Required action :: Your output should be the lines below from the one with "Computer Repair Website" through the one with "Alimentazione in gravidanza: 5", copied exactly, pictures excluded.

Information provided ::
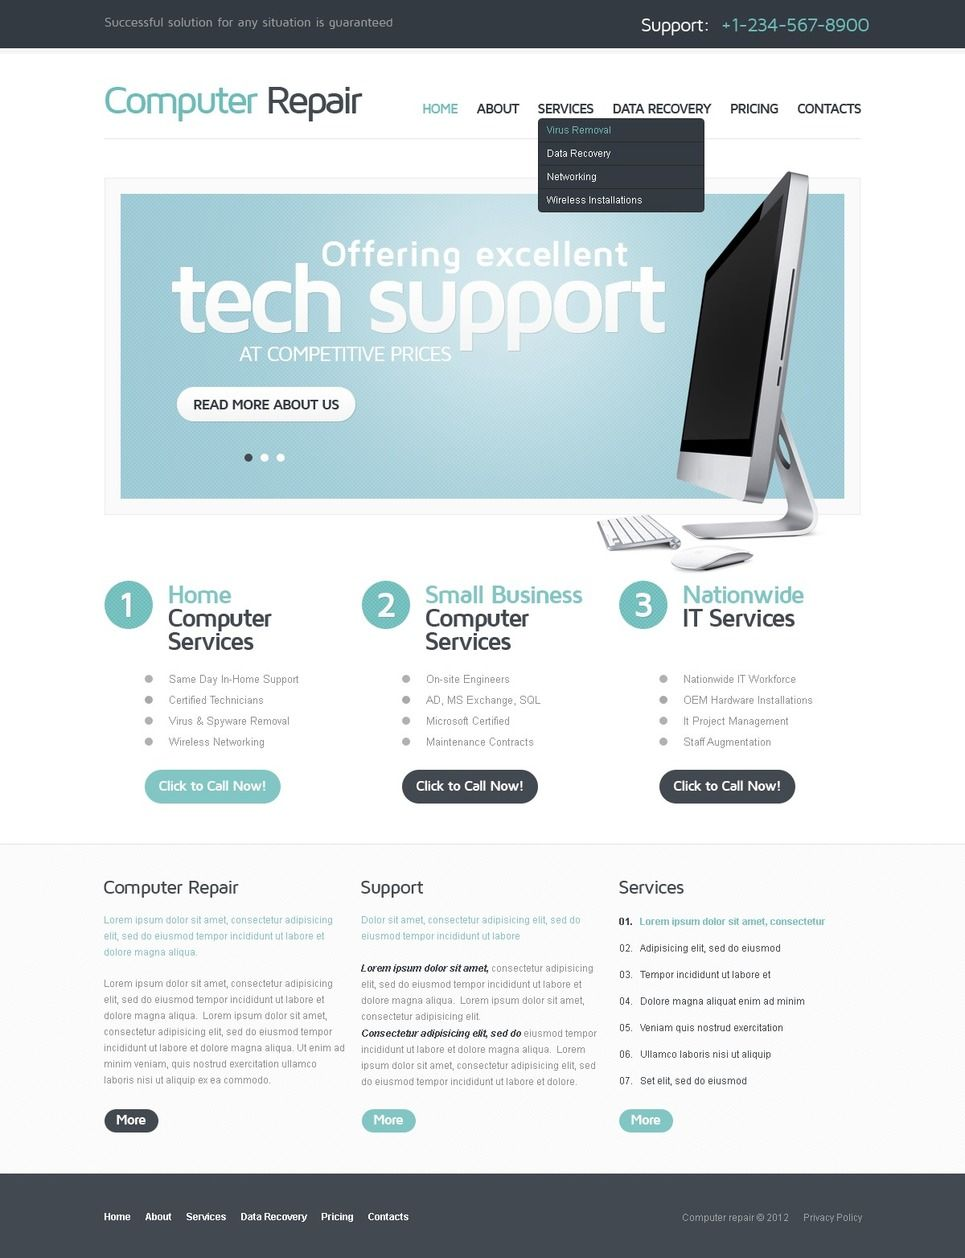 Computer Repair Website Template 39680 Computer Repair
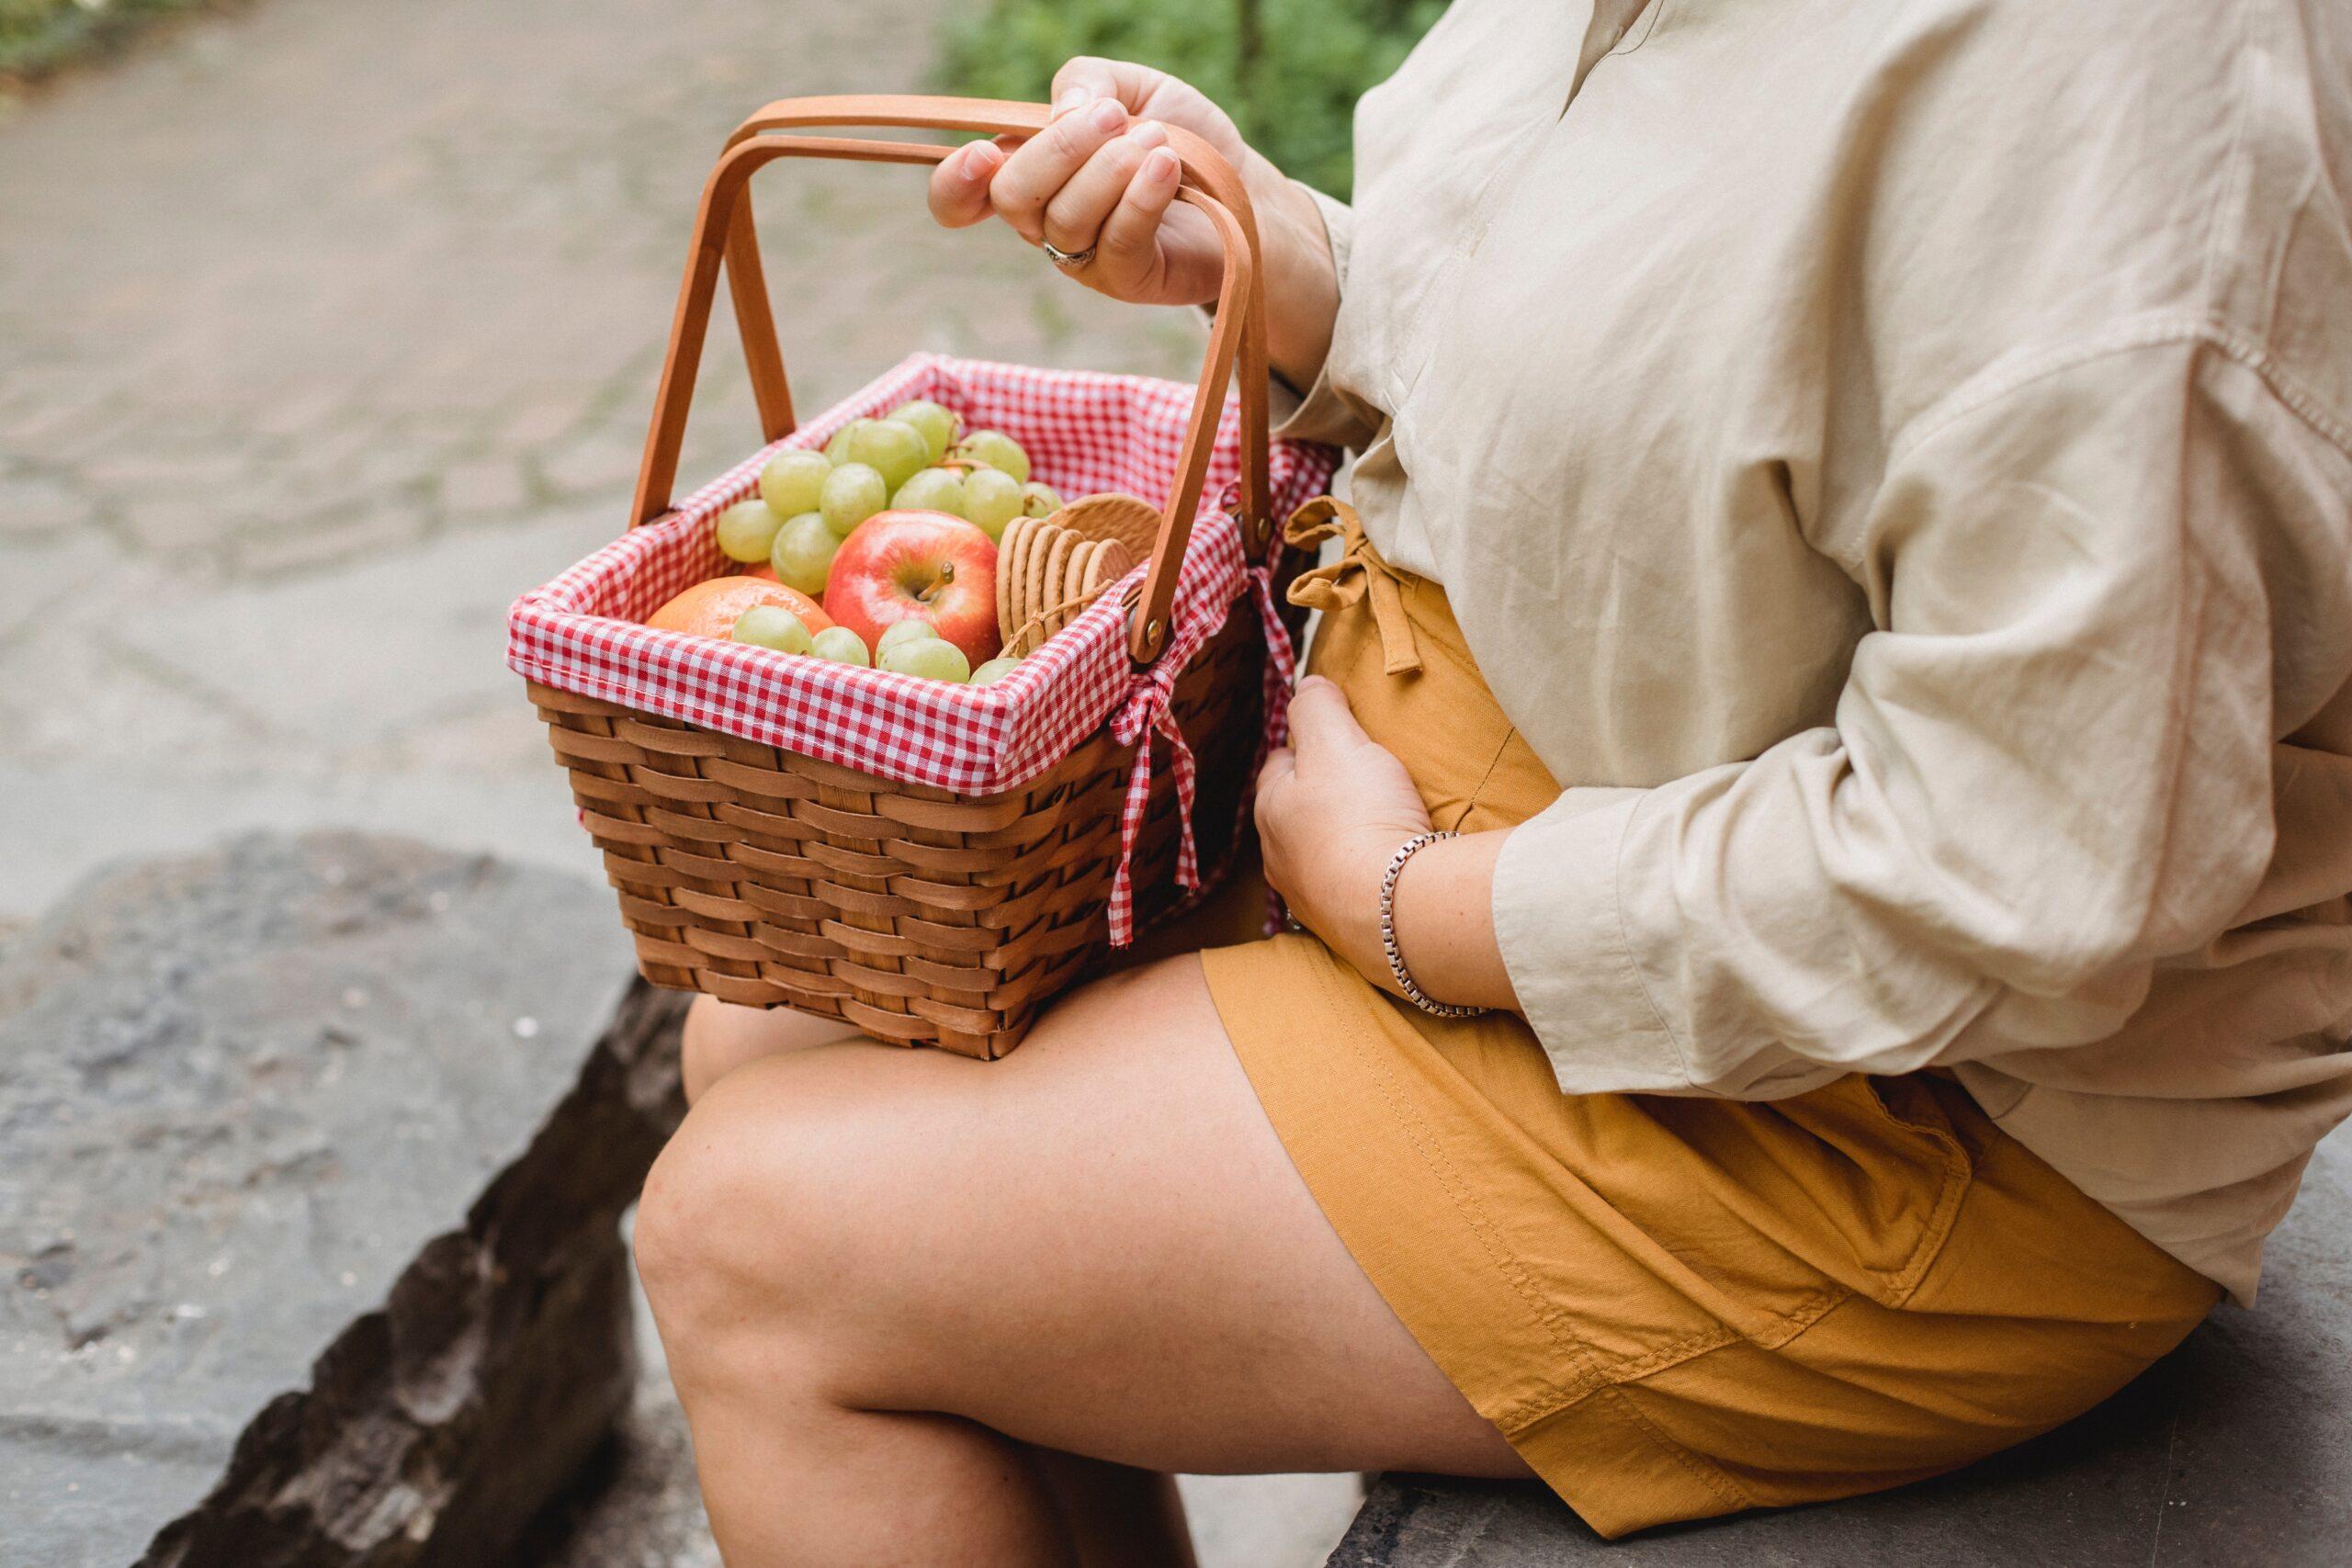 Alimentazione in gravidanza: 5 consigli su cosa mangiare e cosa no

...

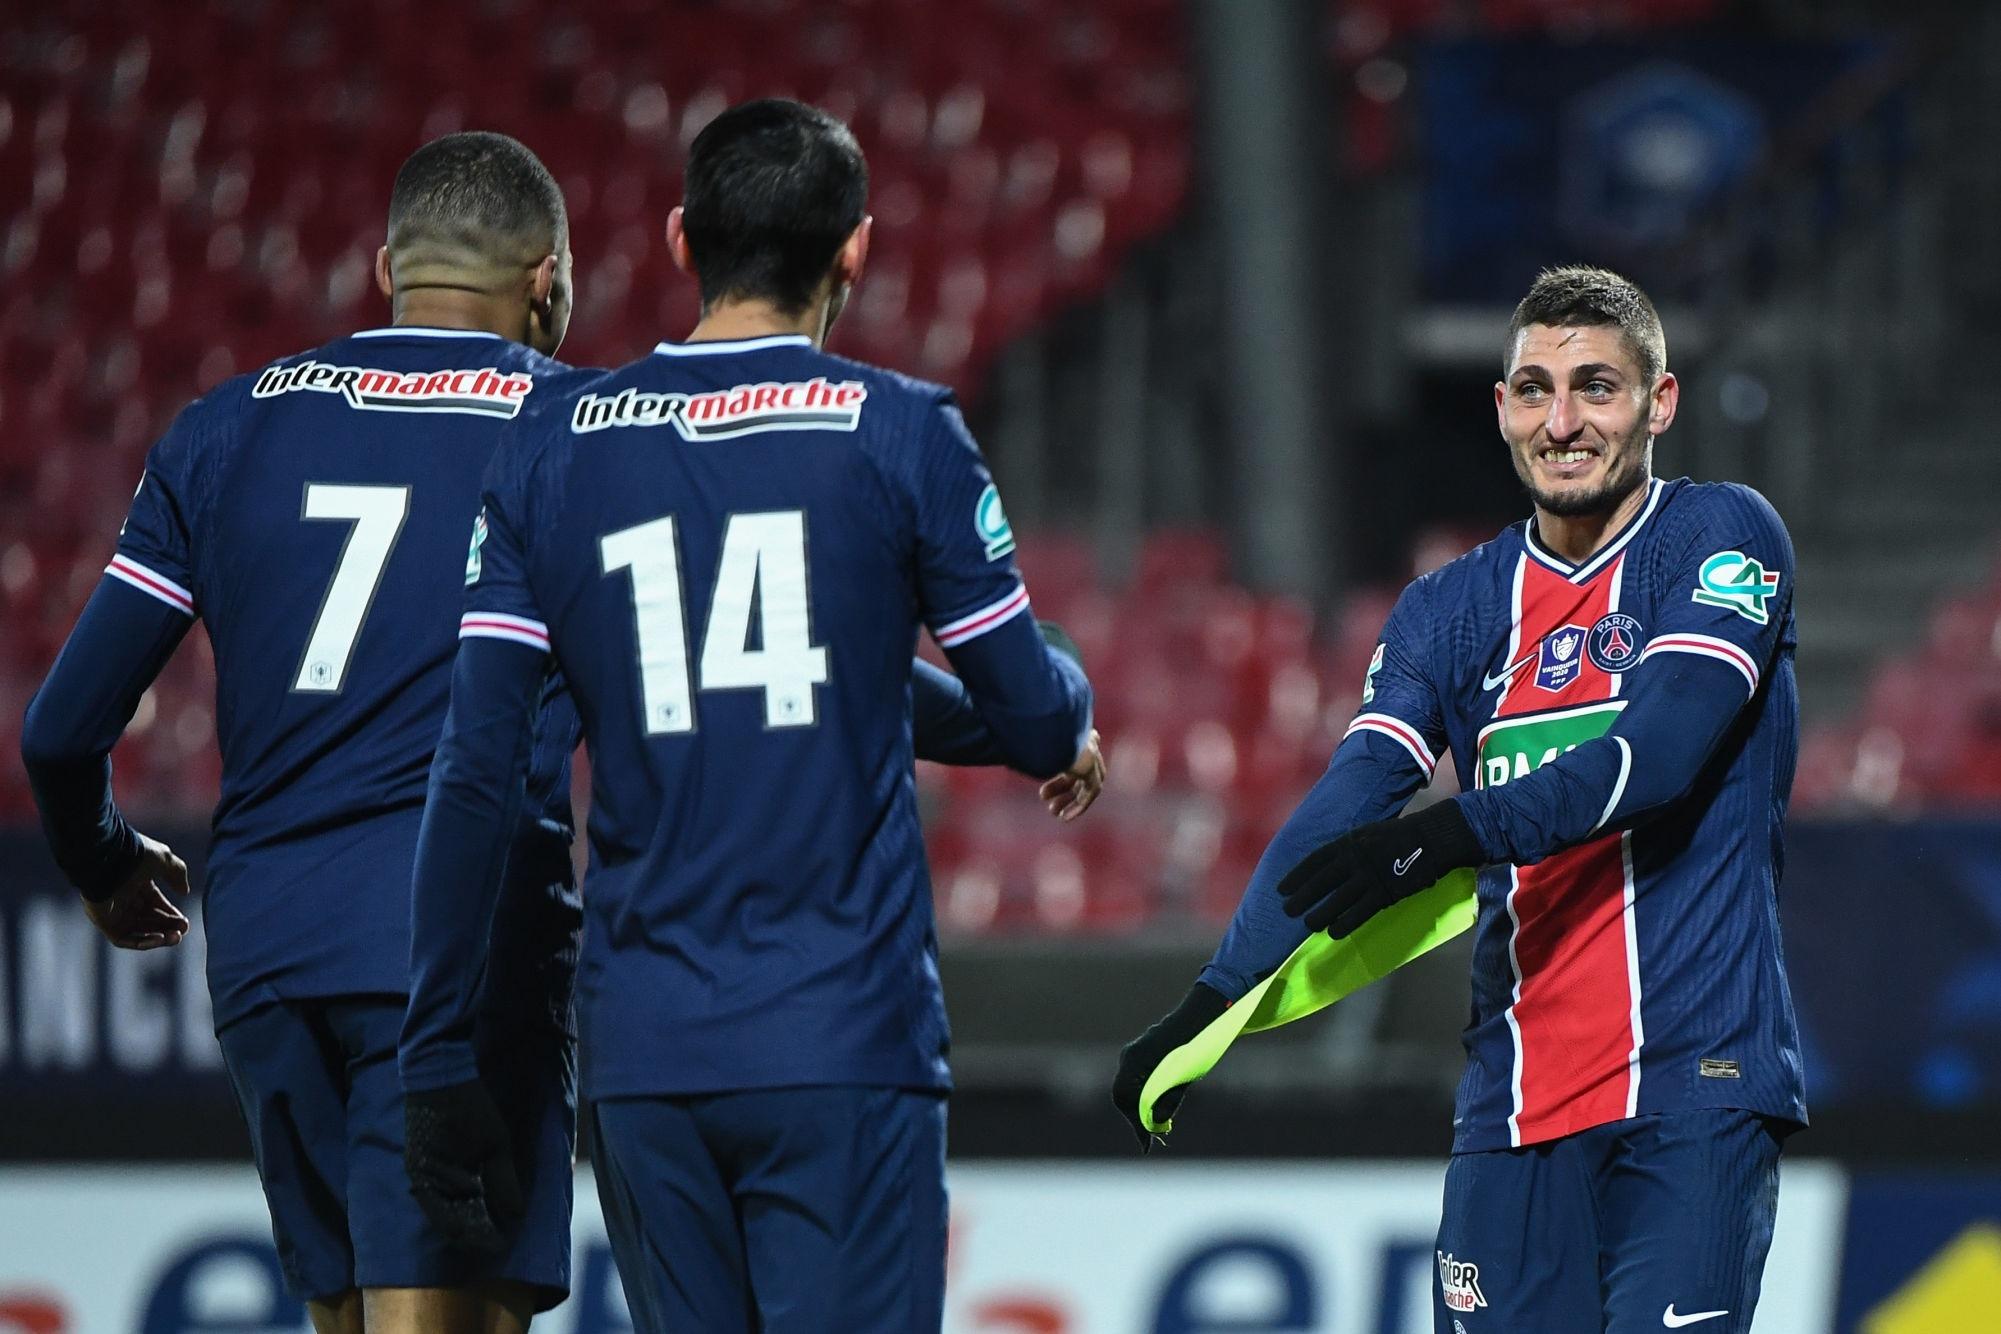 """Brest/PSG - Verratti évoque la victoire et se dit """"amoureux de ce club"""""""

Exercise solution ::
 Computer Repair Website Template 39680 Computer Repair
 Alimentazione in gravidanza: 5 consigli su cosa mangiare e cosa no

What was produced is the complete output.